0 of 1 people found the following review helpful:
3.0 out of 5 stars
Interesting, but not entirely engaging,
By
This review is from: Rio de Janeiro (Writer and the City) (Hardcover)
Ruy Castro's slim volume on Rio de Janeiro provides the casual reader a compelling portrait of that most intriguing of cities. Providing a rapid history of the city from the first Portuguese explorers to the celebrations of the dawn of the 21st century, he tells the tale of a city that has at times been the height of fashion, that has provided the world with at least its share of memorable movie scenes, more than its requisite portion of compelling rhythms, and a plentiful supply of legends, scandalous and otherwise.

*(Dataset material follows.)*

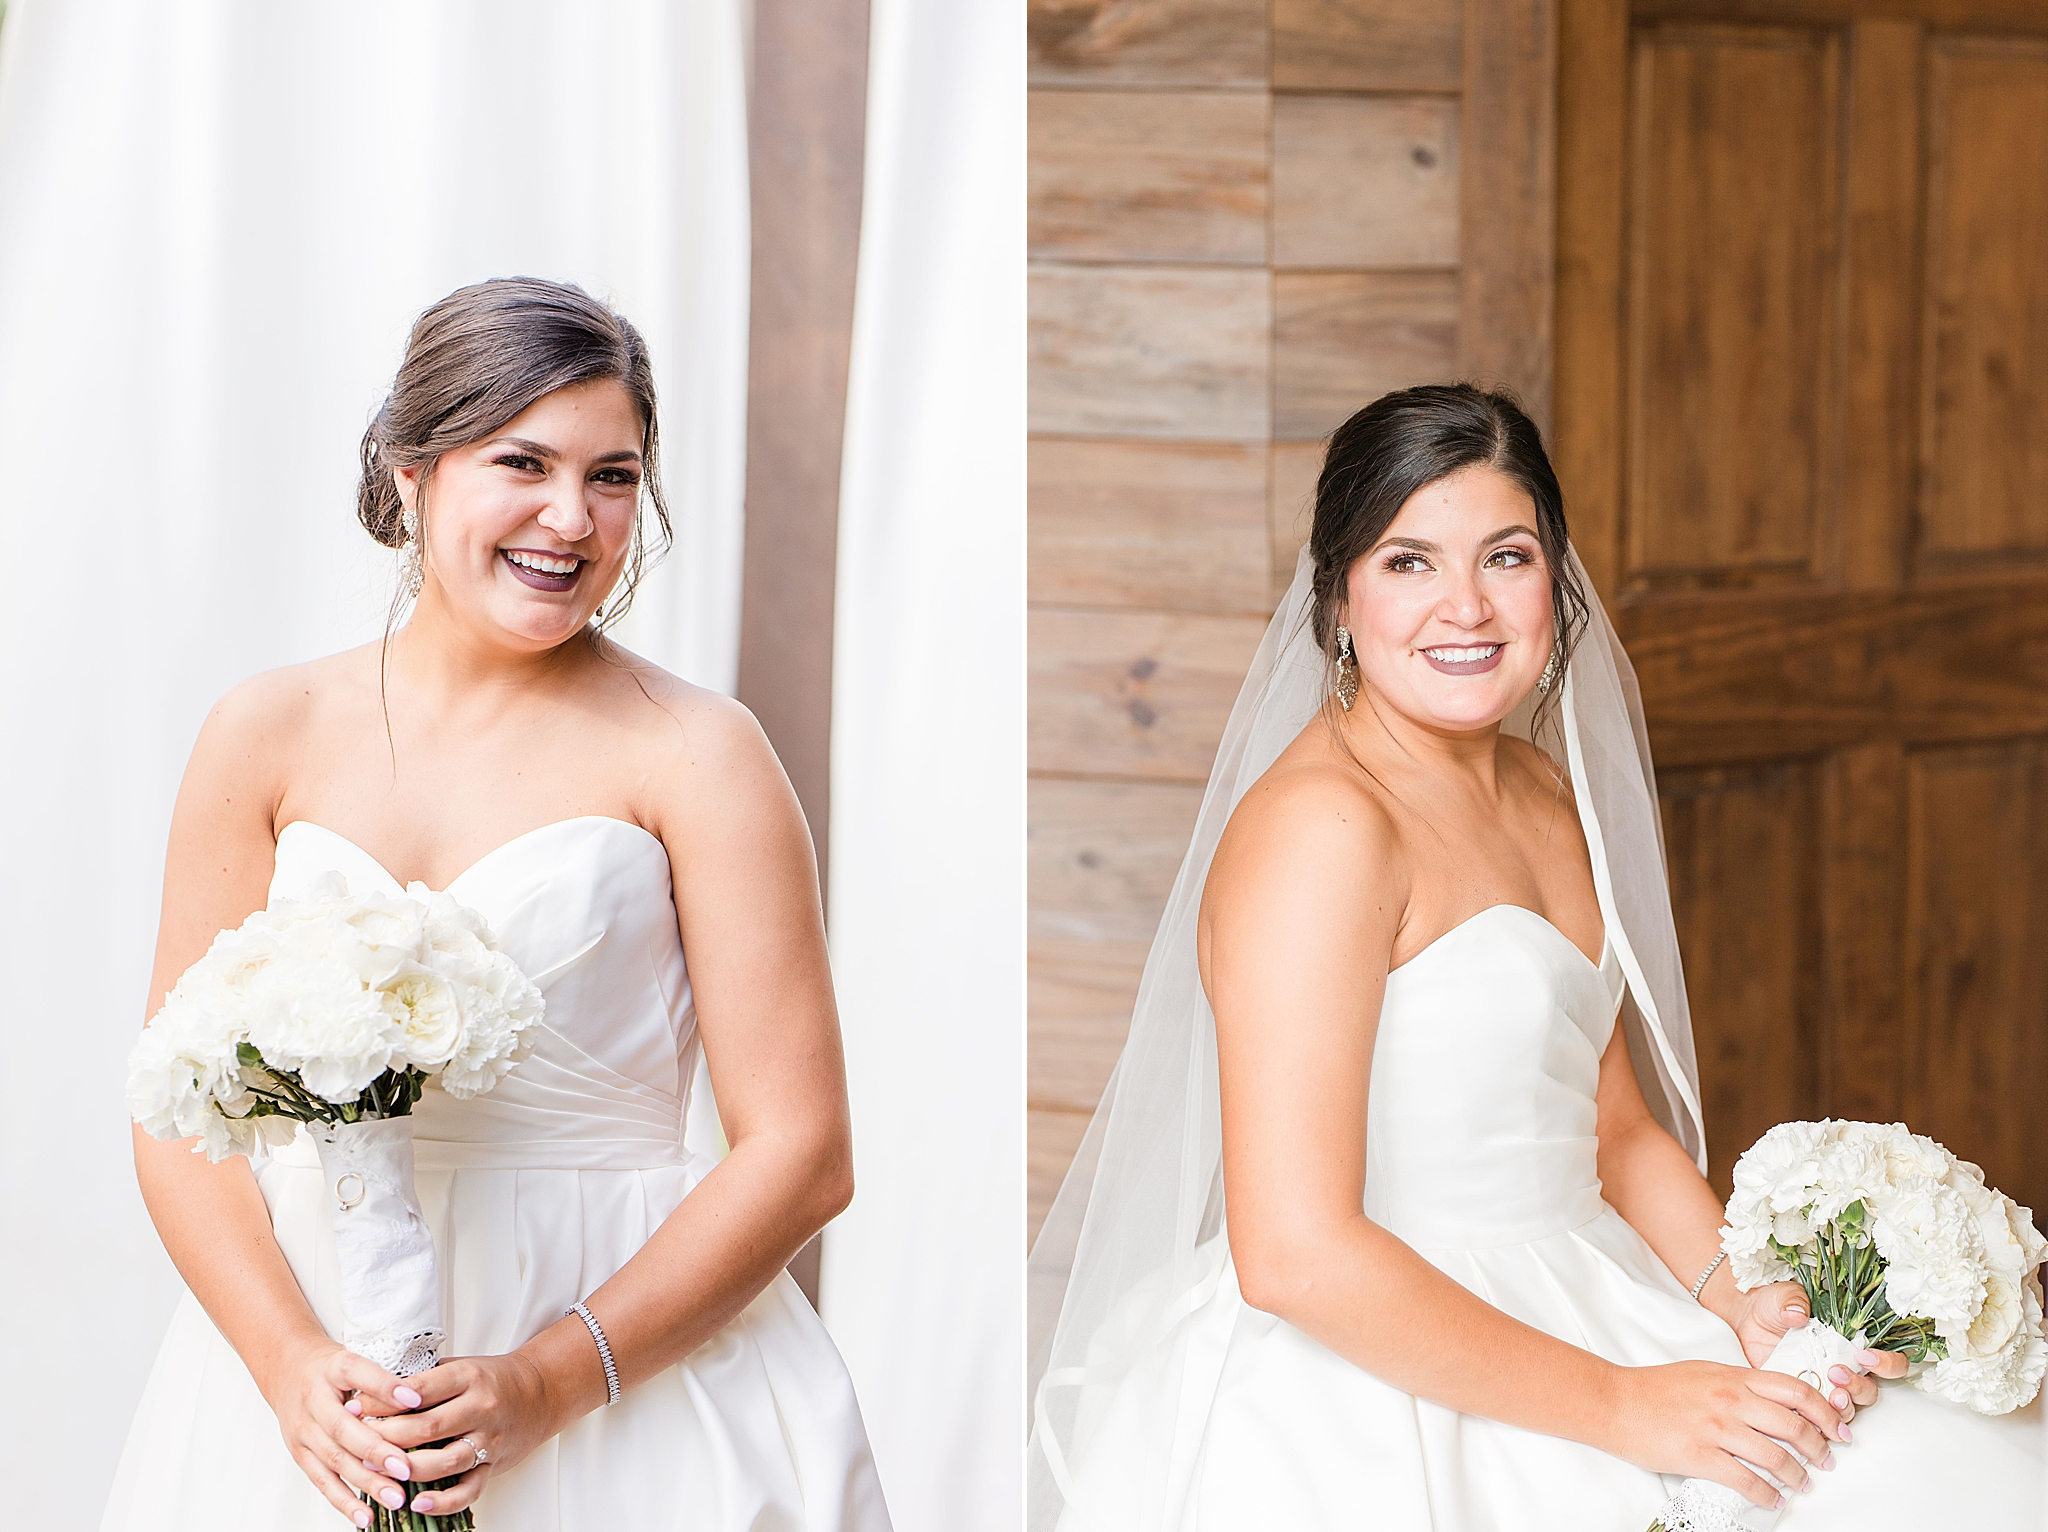 bridal portraits at Izenstone

Seemingly influenced by the flaneur approach to writing on cities (though not adopting the majority of that form's conventions) and with the long memory that comes of living in and loving a city for his whole natural life, Castro gives plentiful insight into a genteel experience of the city. He tells how Rio rose over its first few centuries, and then fell into the same morose situation that afflicted so many metropolises through the Cold War years, a conflation of the effects of over-exposure that turned an exciting, exclusive experience like early Copacobana into the banality of over-exposure, and a structuralist approach to cities that sucked them of life. Alongside the allusions to many a scandalous encounter, there are nods to the less glamorous aspects of Rio's underbelly, but the favelas, the drugs trade and Brazil's notorious crimeworld are skipped over with only the scantest of mentions. Despite the vivid picture he draws, for all the talk of hypnotic rhythms, the book never quite grips the reader or imparts the carnival spirit on which its first half is almost entirely focussed. It may be that that detachment is telling of a divorce that has taken place between the Rio of legend and the Rio as experienced by a man who has lived through the city's awkward middle years and is still trying to work out a place in a new age, but it results in a less engaging book than one might hope this city would inspire. As a quick read, Rio is worth a look, but its not quite the mesmerising experience readers may be looking for.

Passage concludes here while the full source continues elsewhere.